SPEAKER_00Yep. It's also the we don't keep a diaper bag anymore. Like we have snacks, and like the girl or my older ones have like uh almost like fanny packs, and we still put their snacks in there if we go to the zoo or something, and like we're almost out of like the stroller phase of life, also. And I'm like, my god, leaving the house. It's like it's bittersweet, but like leaving the house is just like, do you guys have snacks and water bottles? And like then we're good. And I'm like, this used to be a whole checklist in my head of things I mostly forgot.
SPEAKER_02Mm-hmm. An entire production. It goes lower and lower.
unknownWow.
SPEAKER_02Absolutely.
SPEAKER_00It does. Just to segue into your book, real quick. You did write a book, that's awesome, called Same Page Parenting. And I'm a fan of it. The reason why I'm immediately doing the segue is you do like a chapter where you talk about the exhaustion of having a newborn baby where you're going to meet, going to like other people's houses to be like, I should be here, but also I'm not mentally present at all because I've done all this stuff. And that felt very relatable of like, I'm here because I'm trying to have community, but I'm not mentally here in any way at all. And it's great.
SPEAKER_01Absolutely.
SPEAKER_02Yes. It's it's in the book where we talk about things like people pleasing where after we have kids, it's this expectation that now we're gonna show off our kid and have everybody come over a we go and do all the things for everybody else. But at the end of the day, we're the ones who suffer when we overbook ourselves and we don't honor our own capacity.

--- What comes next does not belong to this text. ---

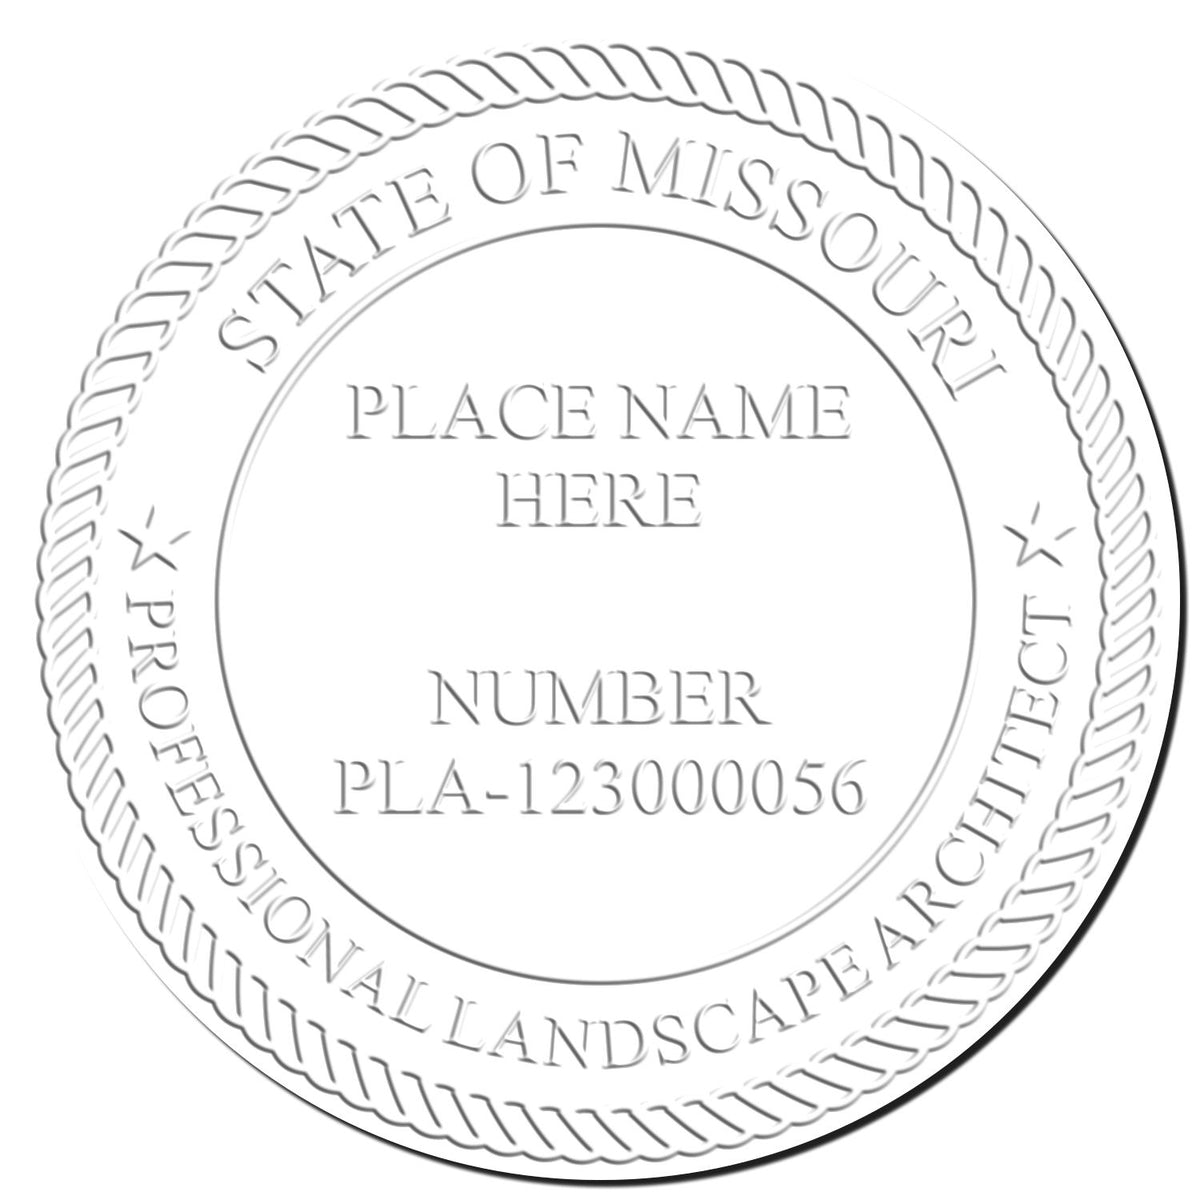 This paper is stamped with a sample imprint of the Soft Pocket Missouri Landscape Architect Embosser, signifying its quality and reliability.

SPEAKER_00Yeah. Yeah. And that in addition to the when you're getting the newborn out of the house, you've got the car seat, you've got them tucked, you've got them like warmly in the car seat, you've got the 30 bags just to go hang out at someone's house for 30 minutes and not be mentally present for any of it, is like, oh, you have if someone I love the thought of normalizing, like, hey, you don't have to do this. Like you'll be okay.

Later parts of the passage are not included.